Post-secondary institutions will likely need to make do with less provincial support. As costs increase for universities and colleges, Budget 2019 will implement a ten percent tuition decrease in the 2019-20 school year and a freeze in 2020-21. This will save college students $340 on average and save undergraduate students $660. However, with lower revenues coming from domestic students, post-secondary institutions will likely increase the amount of foreign students in order to meet their budgetary needs. Rather than cut costs for all students, tuition policies should focus on offering financial aid to those students in greatest need to ensure that all Ontarians have access to Ontario’s universities. In addition, public funding will be contingent on institutions meeting ten unannounced performance targets by 2024-25. Currently, under two percent of funding is conditional on meeting performance targets which will then rise to 60 percent by 2025. This could increase institutions’ performance and accountability if done right, but in any case exacerbates their financial uncertainty.

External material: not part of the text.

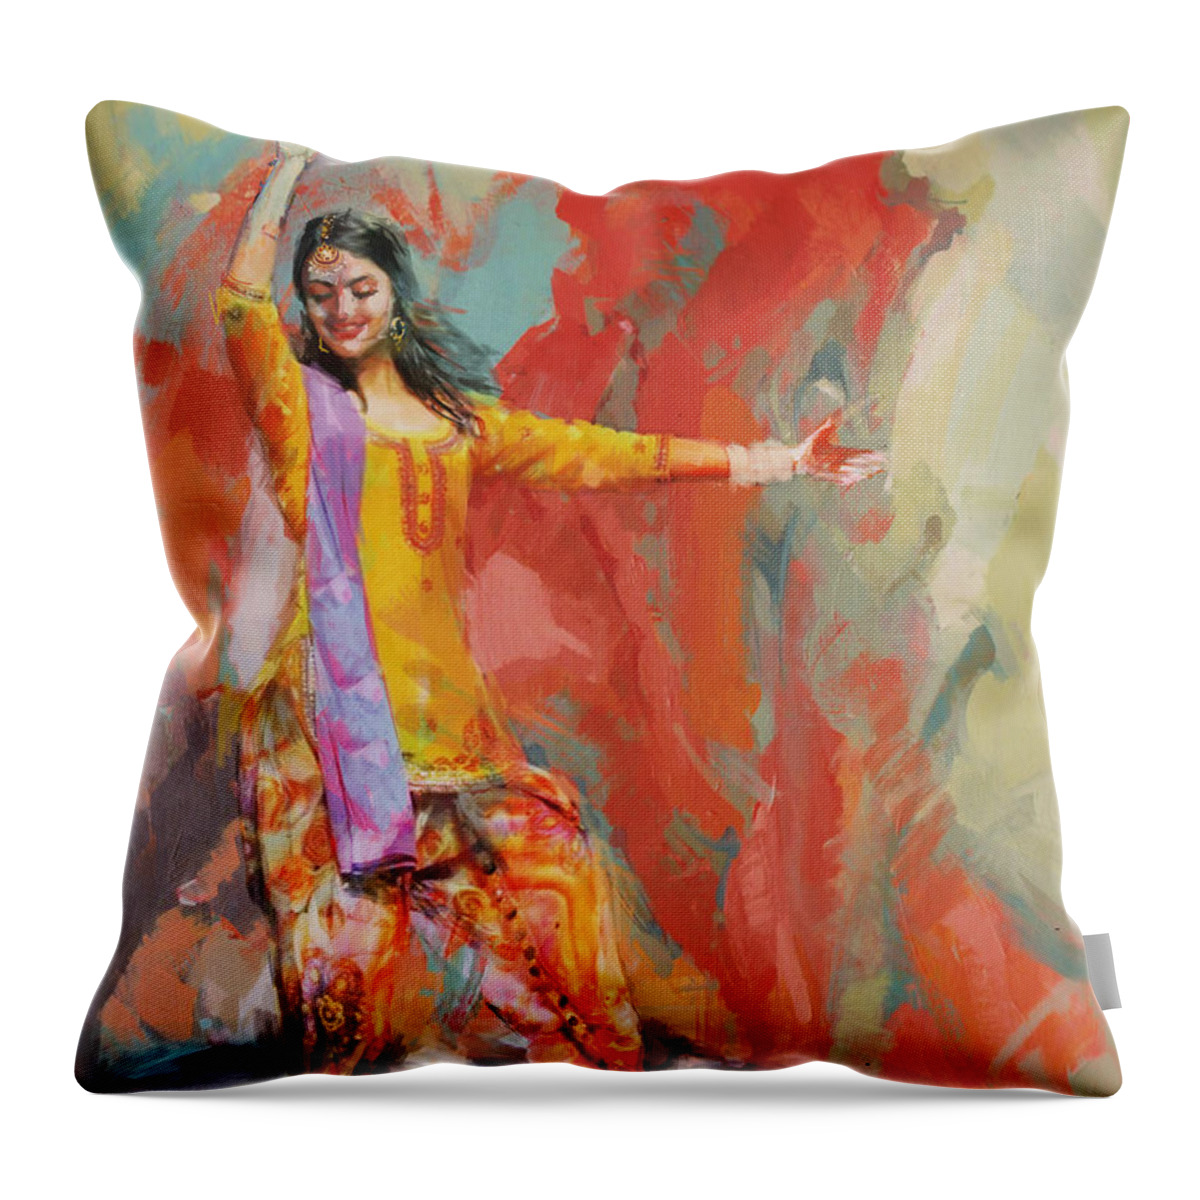 Sindh Throw Pillow featuring the painting 11 pakistan folk Punjab by Maryam Mughal

Economic development will have a “less is more” approach

Economic development reform will focus on streamlining investments and reducing regulations, an approach for which the Institute recommended in its Working Paper Open for Business: Strategies for Improving Ontario’s Business Attractiveness. The Ministry of Economic Development, Job Creation, and Trade will therefore receive less funding: $782.2 million in 2019-20, from a projected $1 billion in the 2018-19. Savings are expected to be found in the streamlining of research institutions and the province’s international presence by targeting high value-added activities and global markets, respectively. As a university-based think-tank, the Institute looks forward to learning more about the government’s direction in the near future. Both a review of Ontario’s R&D tax credits and an expert panel focused on a provincial intellectual property framework to maximize commercialization opportunities in postsecondary institutions should consider the Institute’s past recommendations for establishing a robust innovation environment.

The Ontario Job Creation Investment Incentive parallels the immediate write off measures and the Accelerated Investment Incentive announced in the federal government’s Fall Economic Statement 2018. Under these measures, investments in manufacturing and processing machinery and equipment and specified clean energy equipment can be immediately written off. Most other capital investments are eligible for an Accelerated Investment Incentive that provides a depreciation rate of up to three times the normal rate in the first year the asset is put into use. Matching recent US policy changes to capital will provide a better, more targeted approach to stimulating business investment than a previously-announced one percent cut to the corporate tax rate.

The automotive, agriculture, and mining and forestry sectors can expect to benefit from new initiatives presented in the Budget. Investments in mining are part of a larger strategy to develop northern Ontario’s economy, and as in previous budgets, intentions to develop the Ring of Fire were announced. Automotive investments will aim to make Ontario a leader in mobility technologies including a producer of alternative fuel vehicles. Agriculture reform will take the form of reduced red tape in farmer credit checks and for receiving compensation for livestock loss. Although beneficial for these industries, combined, they only account for approximately three percent of Ontario’s GDP and will not have a significant impact on the province’s overall economy.[1] In addition, the government has pledged $105 million per year to racetracks and another $10 million for breeding programs, funding that would likely offer higher returns on investments elsewhere.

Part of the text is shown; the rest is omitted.